> What to do:
Omit every picture and return the rest of the data unaltered.

> Exercise data:
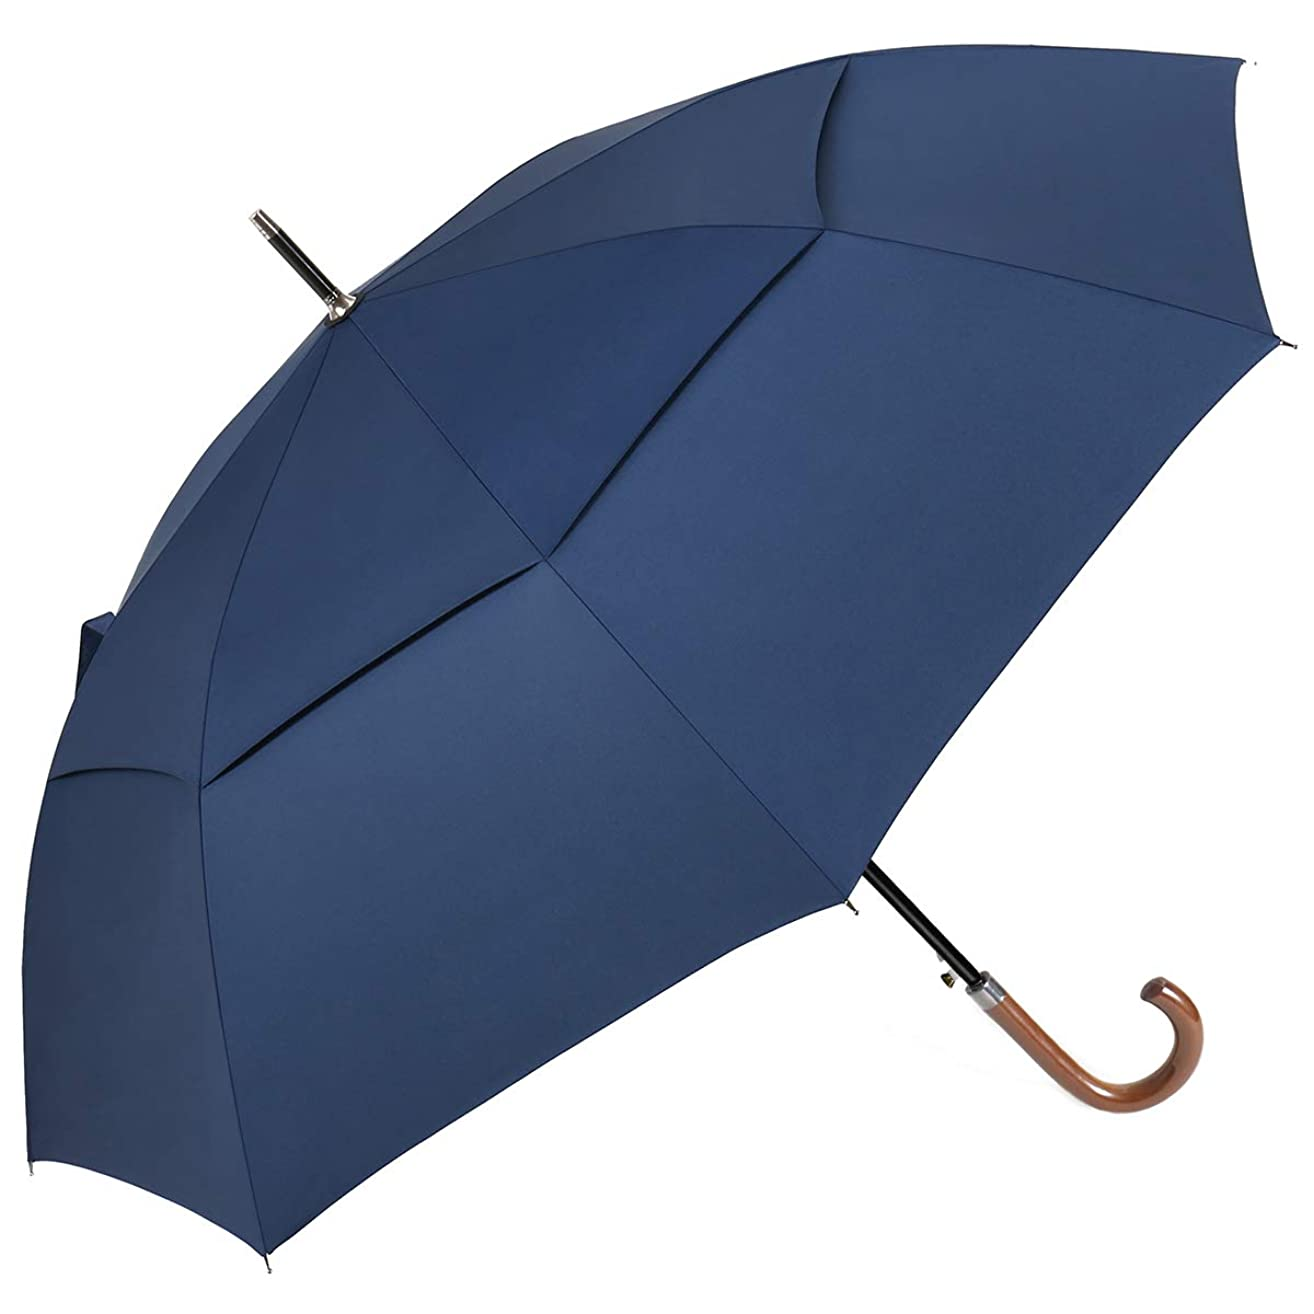 G4Free 54/62inch Wooden J-Handle UV Umbrella, Large Auto Open Sun Protection Umbrella UPF50+ Double Canopy Vented Windproof Classic Stick Cane Umbrellas for Men Women,Gentlemen and Ladies
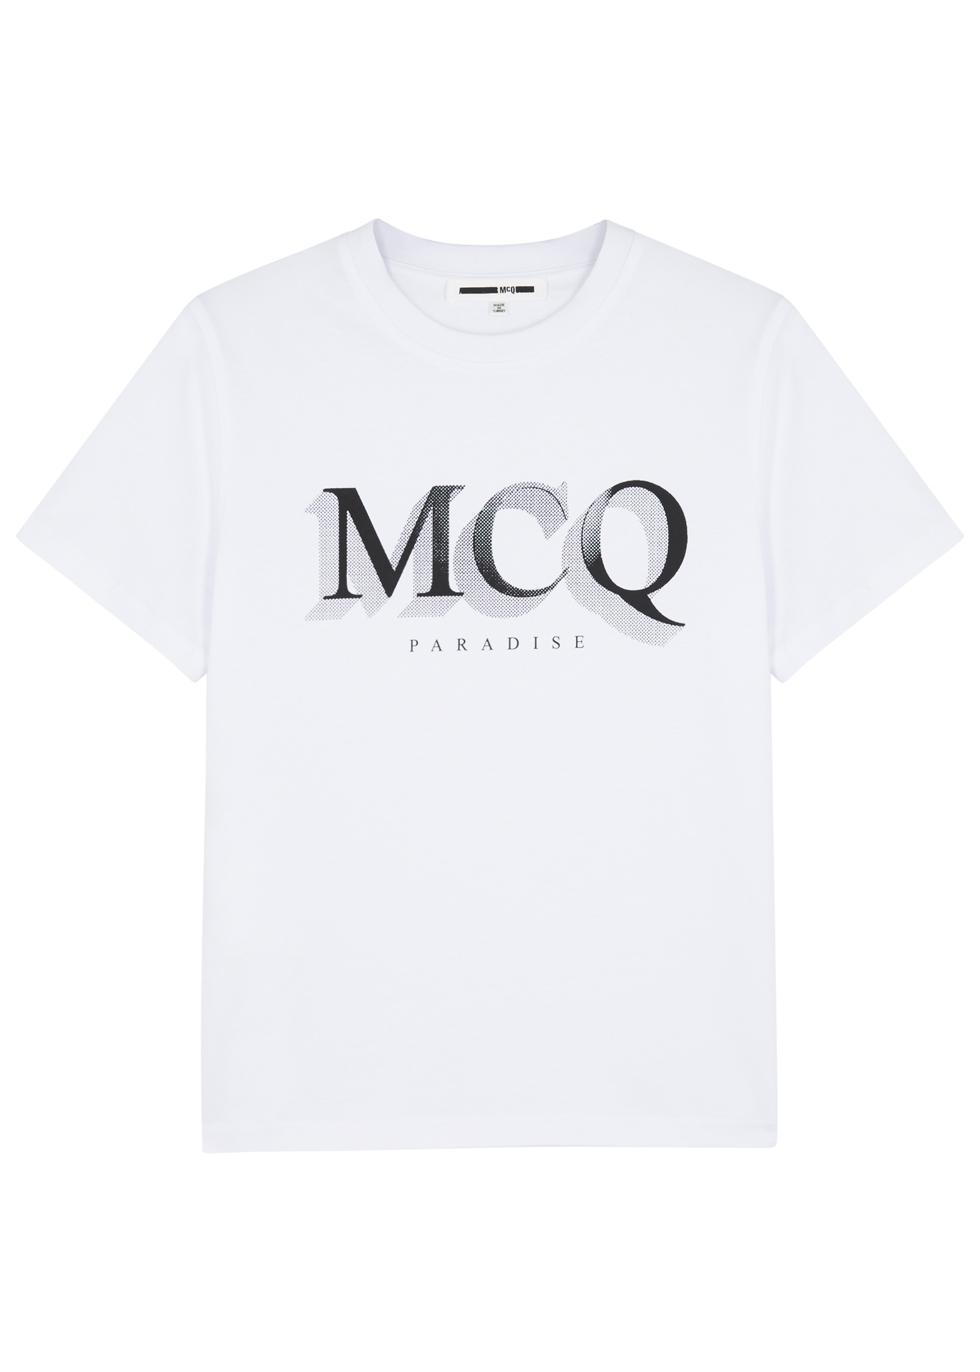 MCQ BY ALEXANDER MCQUEEN WHITE LOGO-PRINT COTTON T-SHIRT
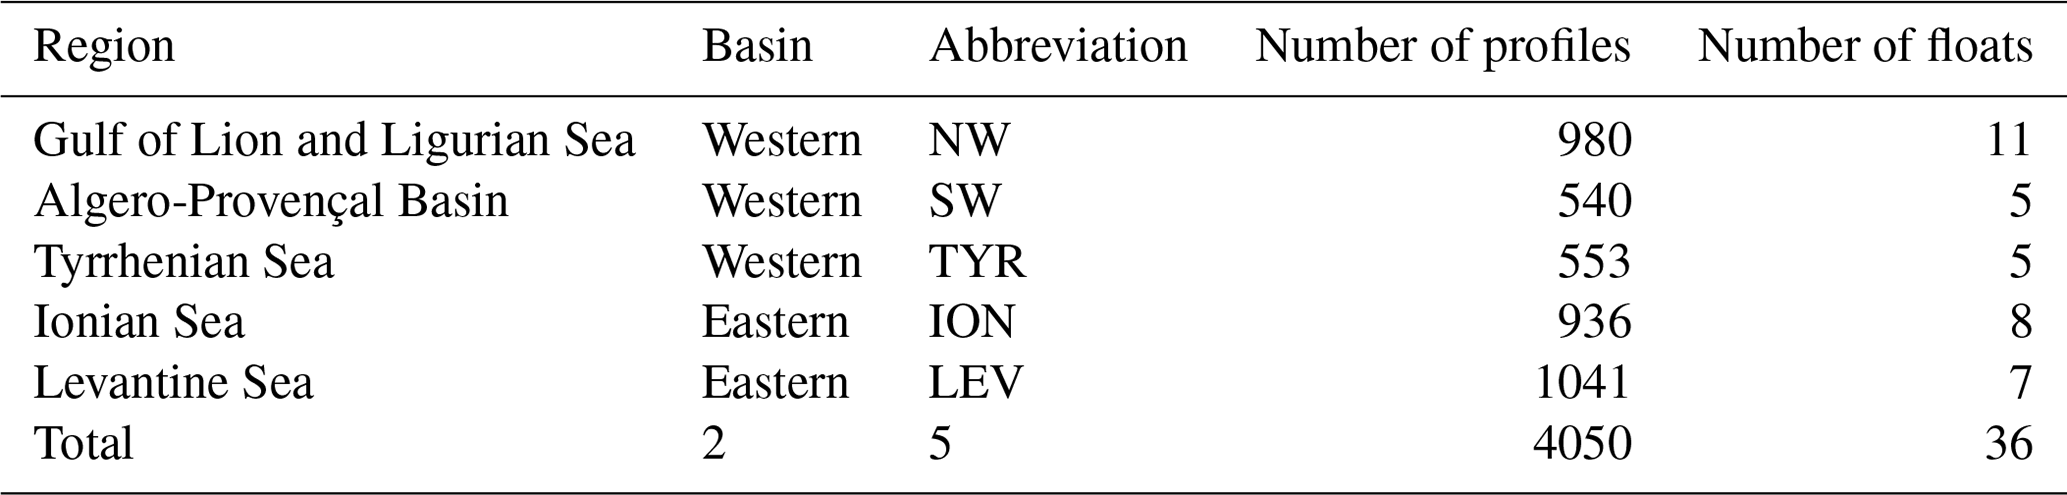 BG - Bio-optical characterization of subsurface chlorophyll

> Response area:
 G4Free 54/62inch Wooden J-Handle UV Umbrella, Large Auto Open Sun Protection Umbrella UPF50+ Double Canopy Vented Windproof Classic Stick Cane Umbrellas for Men Women,Gentlemen and Ladies
 MCQ BY ALEXANDER MCQUEEN WHITE LOGO-PRINT COTTON T-SHIRT
 BG - Bio-optical characterization of subsurface chlorophyll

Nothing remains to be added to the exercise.